Hop in the car to meet your lover for dinner and a flood of dopamine — the same hormone underlying cravings for sugar, nicotine and cocaine — likely infuses your brain’s reward center, motivating you to brave the traffic to keep that unique bond alive. But if that dinner is with a mere work acquaintance, that flood might look more like a trickle, suggests new research by CU Boulder neuroscientists.
“What we have found, essentially, is a biological signature of desire that helps us explain why we want to be with some people more than other people,” said senior author Zoe Donaldson, associate professor of behavioral neuroscience at CU Boulder.
The study, published Jan. 12 in the journal Current Biology, centers around prairie voles, which have the distinction of being among the 3% to 5% of mammals that form monogamous pair bonds.
Like humans, these fuzzy, wide-eyed rodents tend to couple up long-term, share a home, raise offspring together, and experience something akin to grief when they lose their partner.
By studying them, Donaldson seeks to gain new insight into what goes on inside the human brain to make intimate relationships possible and how we get over it, neurochemically speaking, when those bonds are severed.
The new study gets at both questions, showing for the first time that the neurotransmitter dopamine plays a critical role in keeping love alive.
“As humans, our entire social world is basically defined by different degrees of selective desire to interact with different people, whether it’s your romantic partner or your close friends,” said Donaldson. “This research suggests that certain people leave a unique chemical imprint on our brain that drives us to maintain these bonds over time.”
How love lights up the brain
For the study, Donaldson and her colleagues used state-of-the art neuroimaging technology to measure, in real time, what happens in the brain as a vole tries to get to its partner. In one scenario, the vole had to press a lever to open a door to the room where her partner was. In another, she had to climb over a fence for that reunion.

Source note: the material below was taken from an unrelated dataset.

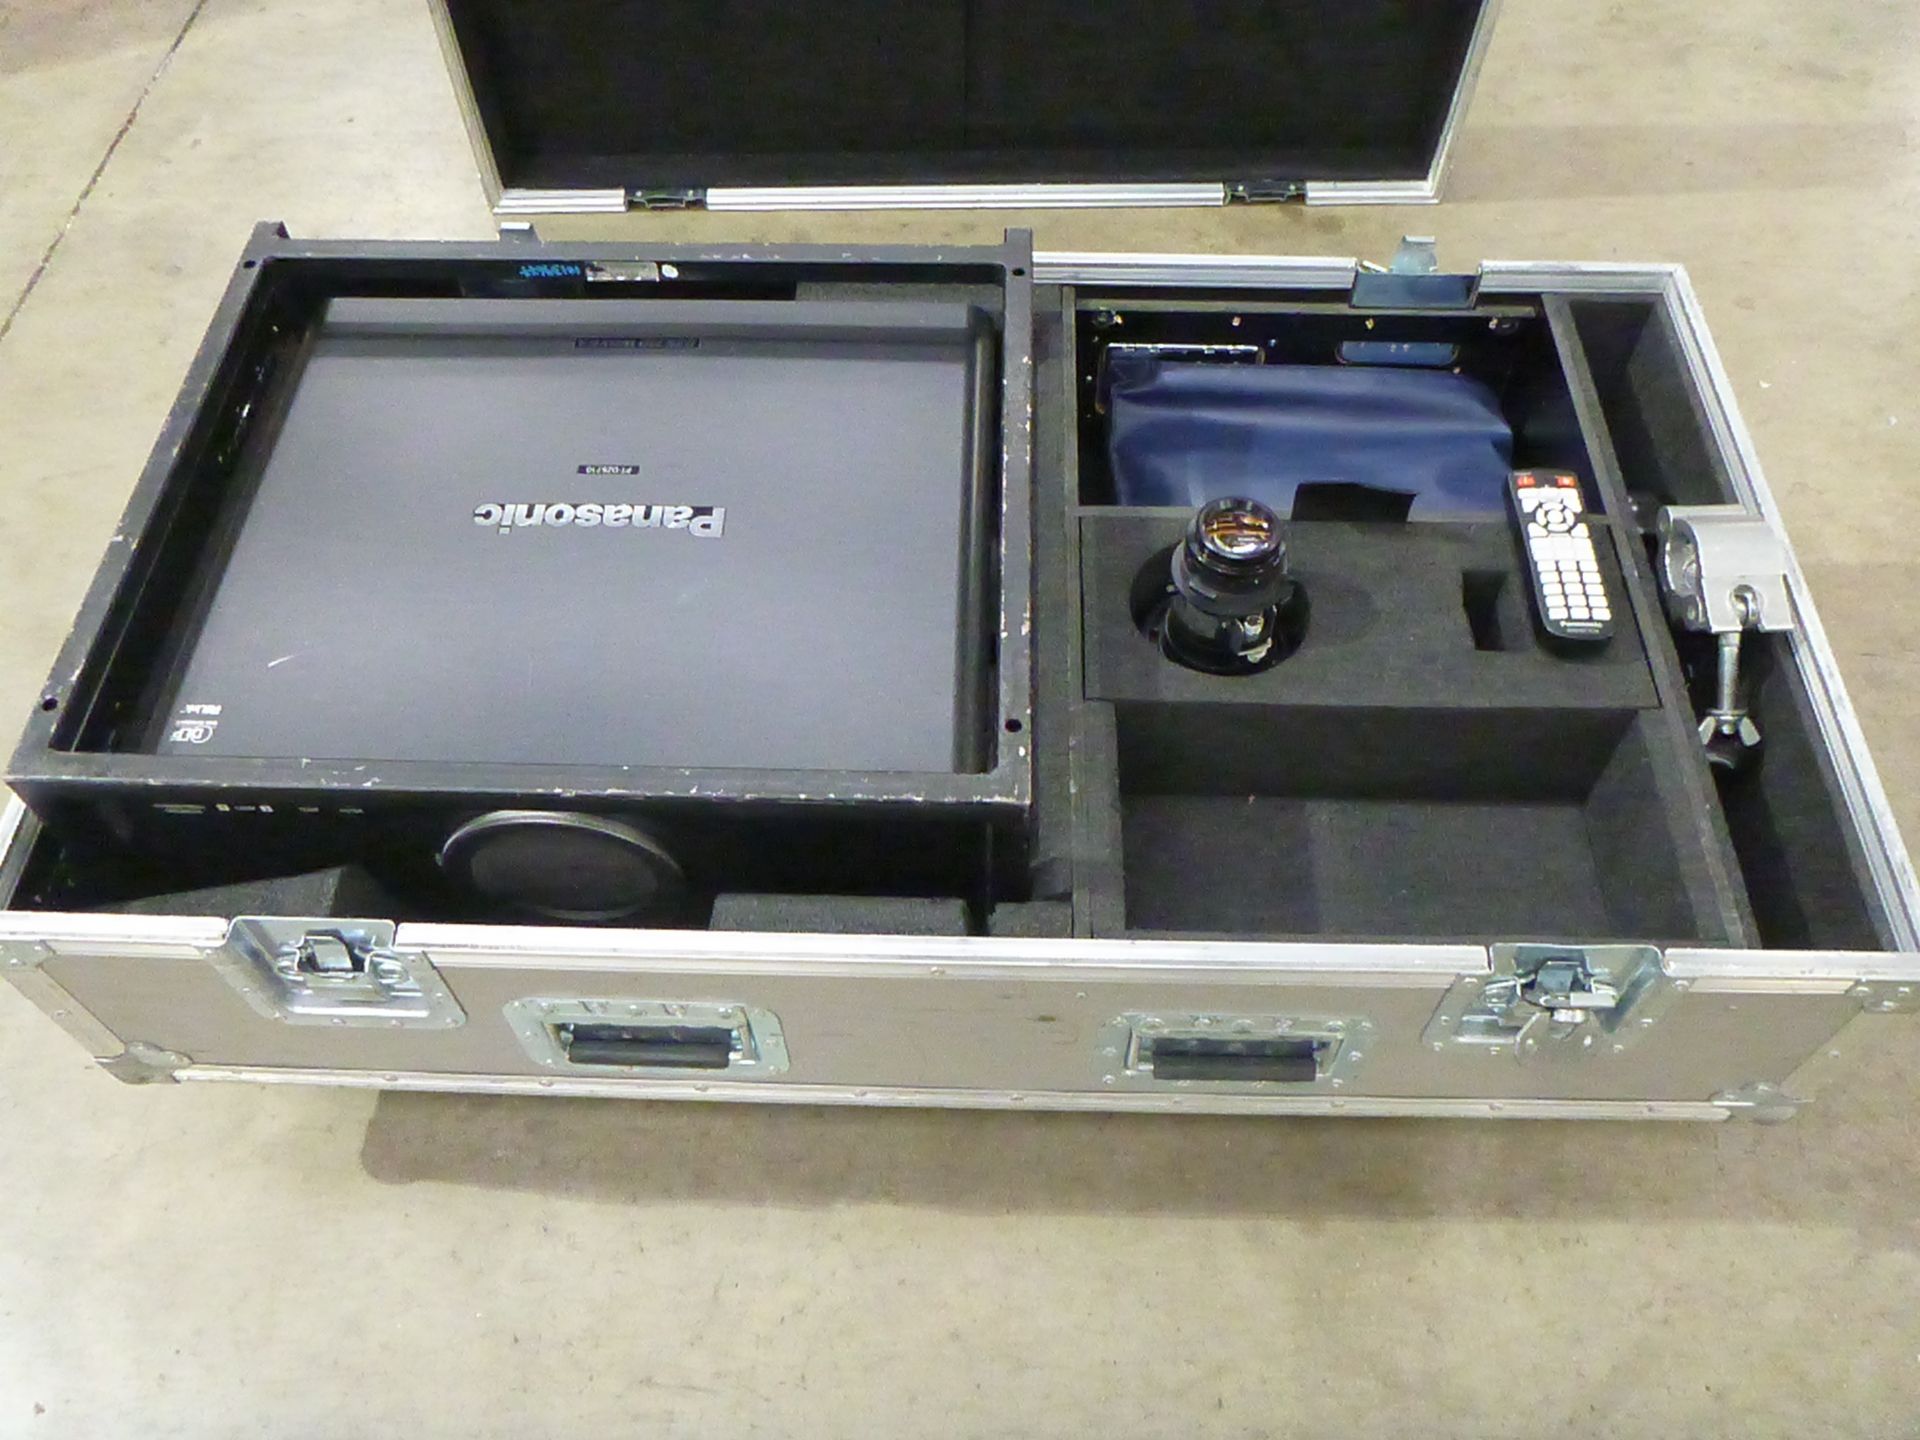 Panasonic Projector, Model PT-DZ6710E, S/N SH0150007, YOM 2010, In flight case with standard 1.3-1. - Image 12 of 13
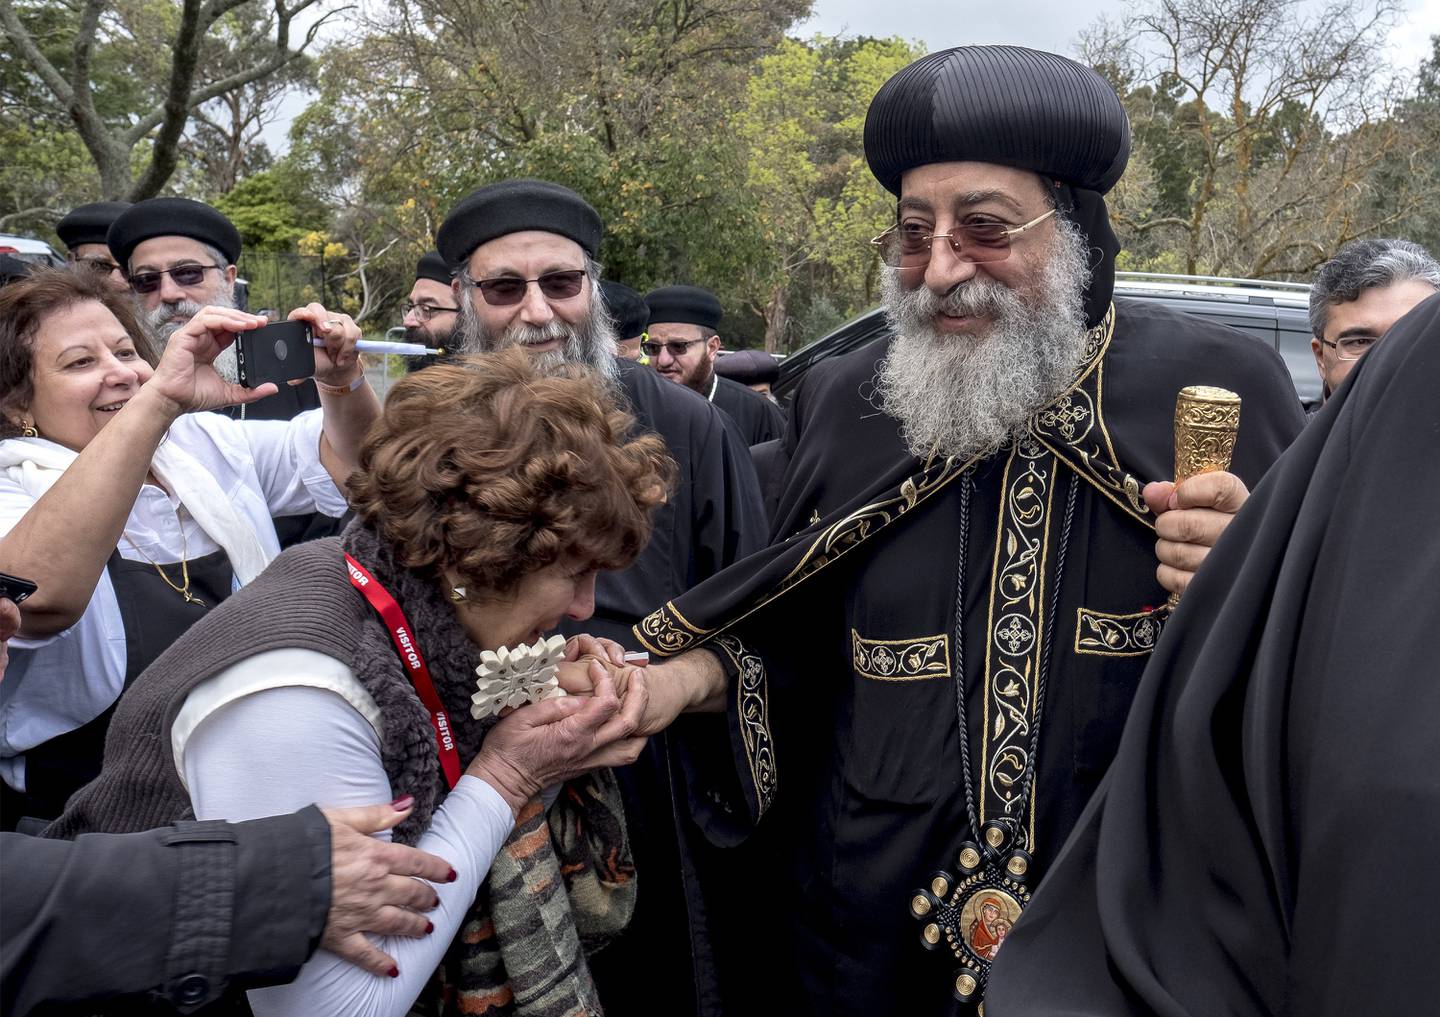 epa06188962 Pope Tawadros II of Alexandria (R), the Patriarch of the Coptic Orthodox Church, is greeted on his arrival at the Diocesan Headquarters in Melbourne, Victoria, Australia, 07 September 2017. The Coptic Pope is in Australia for a 10-day tour to schools and churches in Sydney, Melbourne and Canberra.  EPA/LUIS ASCUI  AUSTRALIA AND NEW ZEALAND OUT

Meanwhile a tiny fiber-optic sensor tracked activity, millisecond by millisecond, in the animal’s nucleus accumbens, a brain region responsible for motivating humans to seek rewarding things, from water and food to drugs of abuse. (Human neuroimaging studies have shown it is the nucleus accumbens that lights up when we hold our partner’s hand.)
Each time the sensor detects a spurt of dopamine, it “lights up like a glow stick,” explained first-author Anne Pierce, who worked on the study as a graduate student in Donaldson’s lab. When the voles pushed the lever or climbed over the wall to see their life partner, the fiber “lit up like a rave,” she said. And the party continued as they snuggled and sniffed one another.
In contrast, when a random vole is on the other side of that door or wall, the glow stick dims. (In a previous study, when dopamine was diminished, she didn’t try as hard to reunite, either.)
“This suggests that not only is dopamine really important for motivating us to seek out our partner, but there’s actually more dopamine coursing through our reward center when we are with our partner than when we are with a stranger,” said Pierce.
Hope for the heartbroken
In another experiment, the vole couple was kept apart for four weeks — an eternity in the life of a rodent — and long enough for voles in the wild to find another partner.
When the couple was reunited, they remembered one another, but their signature dopamine surge had almost vanished. In essence, that fingerprint of desire was gone. As far as their brains were concerned, their former partner was indistinguishable from any other vole.
“We think of this as sort of a reset within the brain that allows the animal to now go on and potentially form a new bond,” Donaldson said.
This could be good news for humans who have undergone a painful breakup, or even lost a spouse, suggesting the brain has an inherent mechanism to protect us from endless unrequited love.
The authors stress that more research is necessary to determine how well results in voles translate to their bigger-brained, two-legged counterparts. But they believe their work could ultimately have important implications for people who either have trouble forming close relationships or those who struggle to get over loss — a condition known as prolonged grief disorder.
“The hope is that by understanding what healthy bonds look like within the brain, we can begin to identify new therapies to help the many people with mental illnesses that affect their social world,” said Donaldson.